As solitary years accrete into eras, the still earth becomes vibrant, inhabited by impressive materialities that are also forces that move and create. That which was static springs into life. Rock slides, seeps, grinds, infiltrates, engulfs, transforms. Rising as mountains, gliding as continents, stone accrues into aeonic strata, tumbles with glaciers, plunges deep under the sea in sheets and ascends later as peaks veined with marine souvenirs. Mineralizing what had been organic life, compressing traces of multiple times into heterogeneous aggregates or metamorphic novelties, rock also bends like plastic so that ephemeral humans may sculpt a lithic whorl or devise a temple of a thousand years’ duration. Such durable building projects are possible only through human-lithic alliance, which intensify the architectures that geological forces fashion on their own. The baleful Green Chapel of Sir Gawain and the Green Knight may or may not be the work of human hands. Perhaps a decrepit church or ruined shrine, its description also suggests a pre-Christian holy place, possibly Thor’s Cave, a limestone cavern in Staffordshire used in the late Neolithic for burials, or Lud’s Church, a mossy gorge that also possesses a long human history.[xiv] In a way it does not matter if human builders or geology fabricated the haunting structure since humans and rocks have a habit of imitating each others' work, of creating homologous and shared spaces. All stonework is a collaboration between human hands and inhuman forces. Sir Gawain and the Green Knight is a poem obsessed with landscapes, animals, and other manifestations of the nonhuman. No wonder then that the Green Chapel is at once a dire mound or hillock where the grinding of a lethal axe echoes, a crag or cave where red blood trickles onto white snow, and the climactic locale where terror at the prospect of impending death yields to an invitation to celebration and the affirmation of humane connection. “Make merry in my house!” Bertilak declares once Gawain has completed his testing (2468), and the verdant half-giant reveals himself also to be an ordinary man.

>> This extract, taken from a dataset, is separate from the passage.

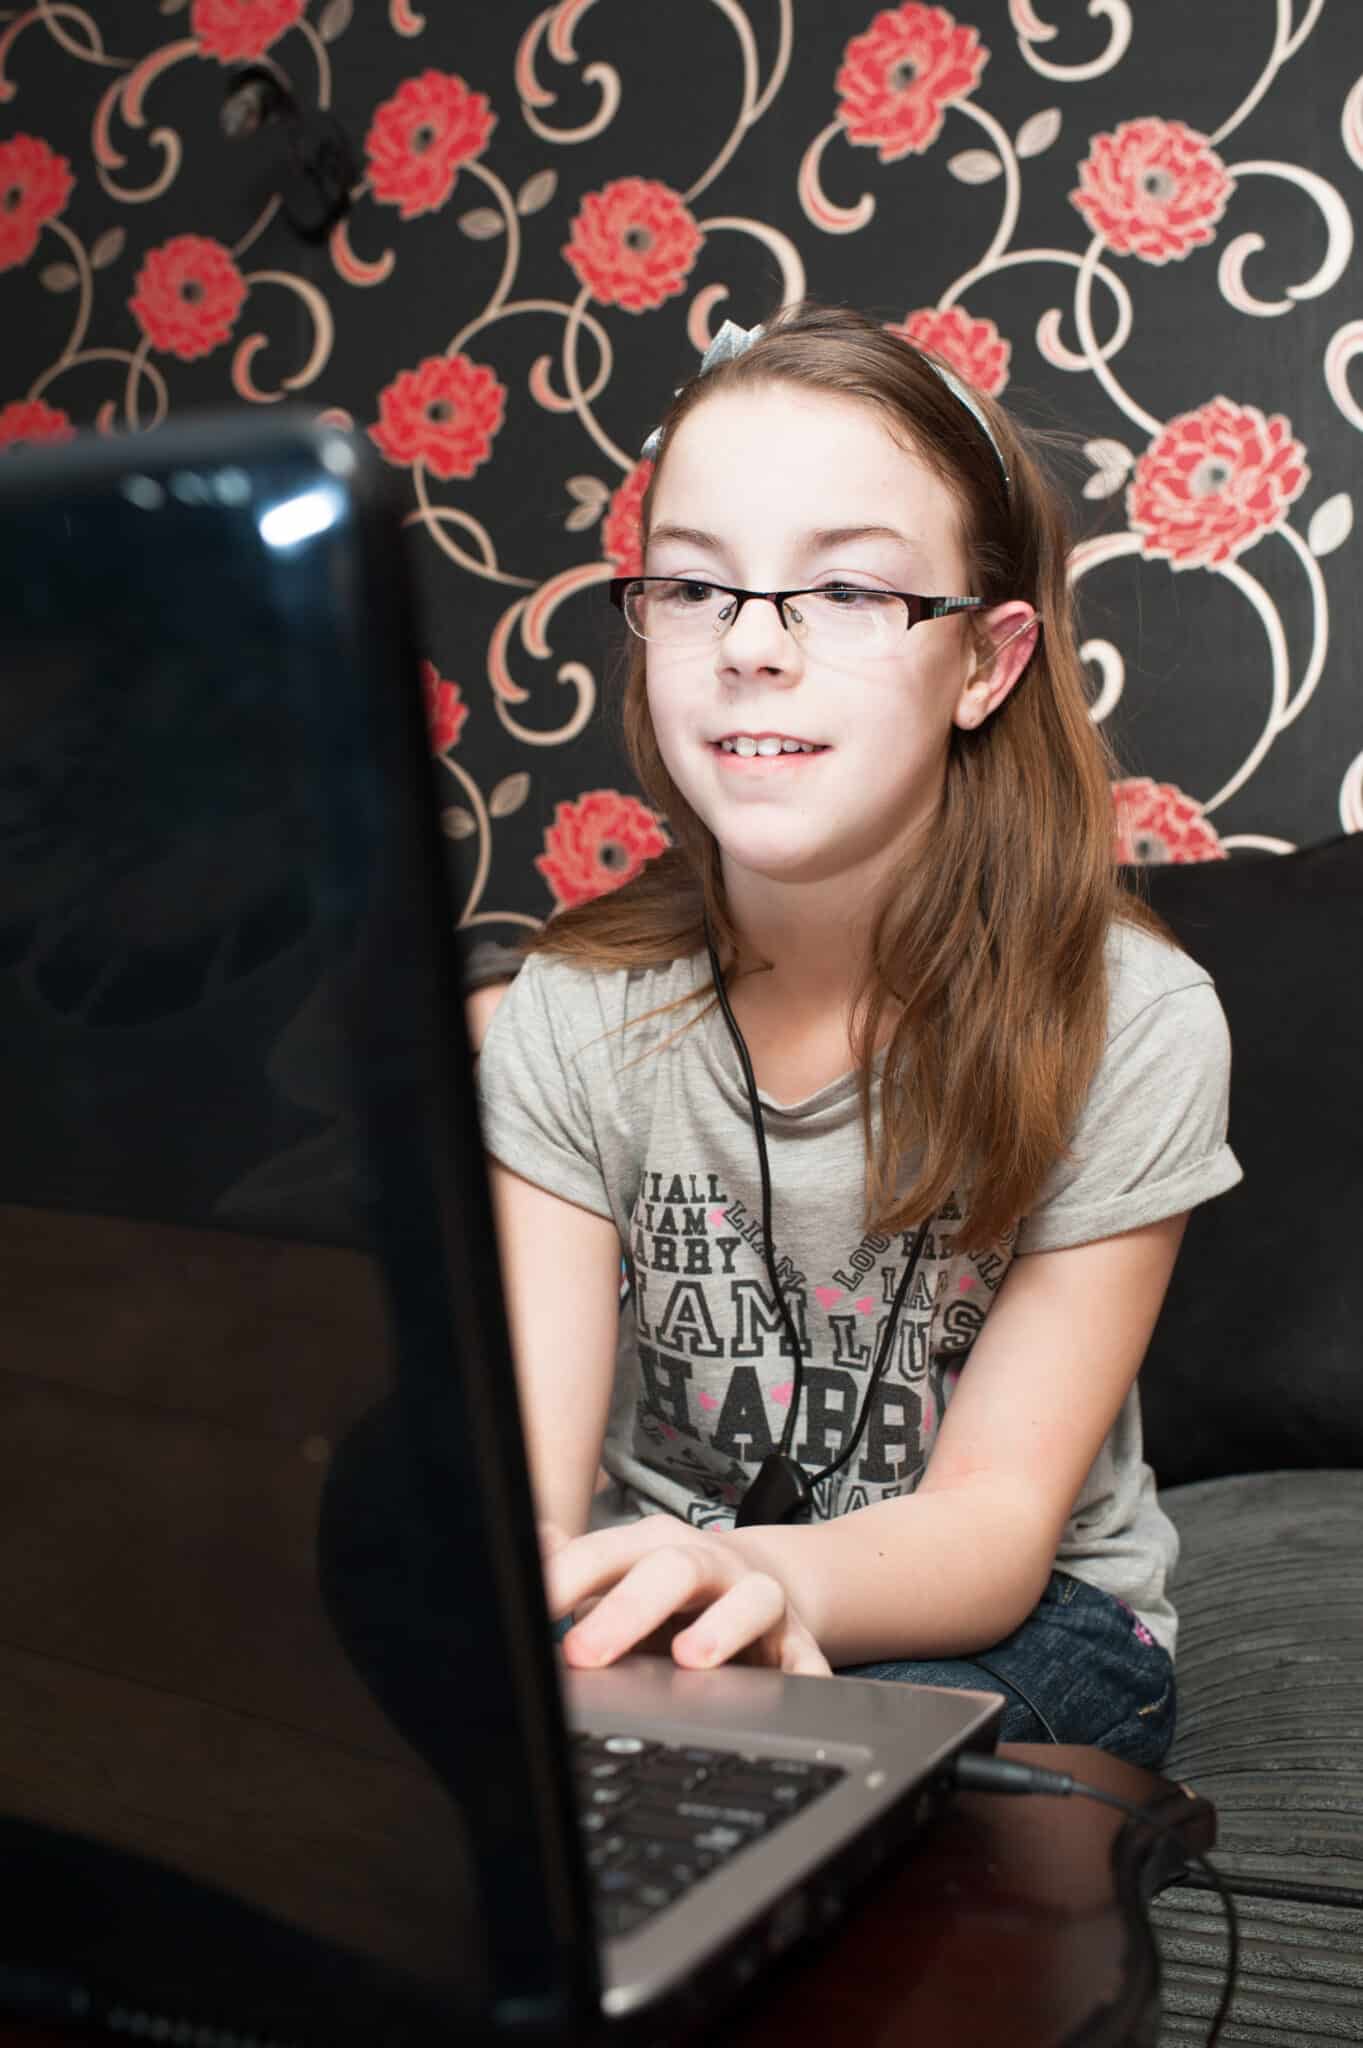 A girl with a hearing aid typing on a computer against a floral-print black wall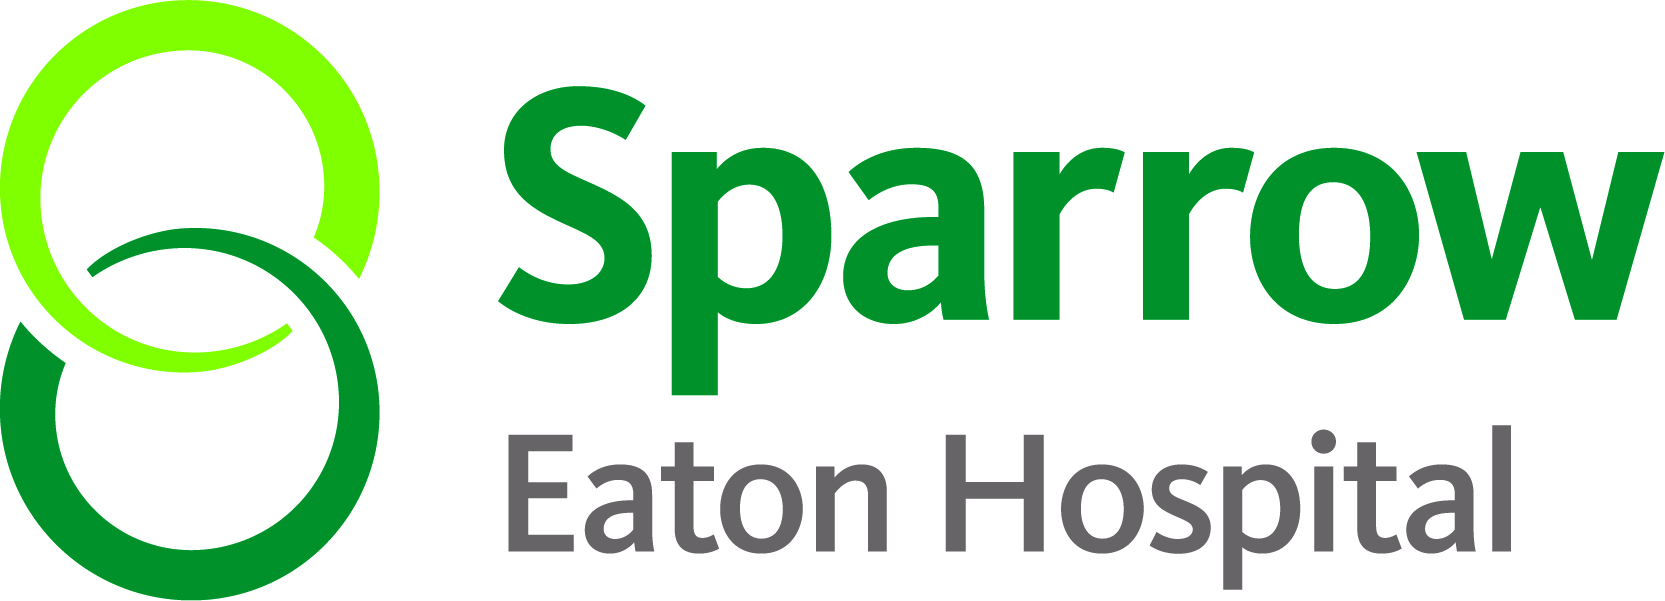 Athletic Trainer Provided in partnership with Sparrow Eaton Hospital

[i] Jonathan Gil Harris gets at the provocation posed by time as active force and matter as agential when he observes “relations between matter and temporality have been largely occluded in recent scholarship on objects, which has tended to transform the ‘material’ of material culture into a synonym for ‘physical’ – thereby freezing not just the object in time but also time in the object” (Untimely Matter in the Time of Shakespeare 7).
[ii] On Buridan and his Aristotelian bent (enabling him to think about the world and infinity together), see Joel Kaye, “The (Re)Balance of Nature” (95). Robert Bartlett examines the problem a spherical earth composed of four elements of differing weights caused for some other writers, who likewise had to struggle with the possibility of globe covered by water as the earth’s natural state in The Natural and the Supernatural in the Middle Ages 44-50.
[iii] This “Cosmic Calendar” was famously calculated by Carl Sagan in his book The Dragons of Eden, 13-16.
[iv] Martin J. S. Rudwick takes the phrase “deep time” from John McPhee’s Basin and Range, remarking upon its analogy to astronomical deep space (Scenes from Deep Time 255). He also employs the earth science term geohistory, “the immensely long and complex history of the earth, including the life on its surface (biohistory), as distinct from the extremely brief recent history that can be based on human records, or even the somewhat longer preliterate ‘prehistory’ of our species” (Bursting the Limits of Time 2).
[v] Albertus Magnus, Meteora 4.4.7, as quoted in Mineralia trans. Dorothy Wyckoff 2.1.4 n7.
[vi] The best recent account of the work of the Flood myth in the Middle Ages is Daniel Anlezark, Water and Fire. Anlezark empathizes the intimacy of mythic modes to dreaming prehistory and their adaptability over time. He argues that the Flood serves as an “archetype of the human experience of catastrophe,” mixing a hope of human endurance with “the fear of collective extinction” (7). Anlezark also demonstrates the parallels among and ultimate medieval convergence of classical, early Germanic and biblical flood stories.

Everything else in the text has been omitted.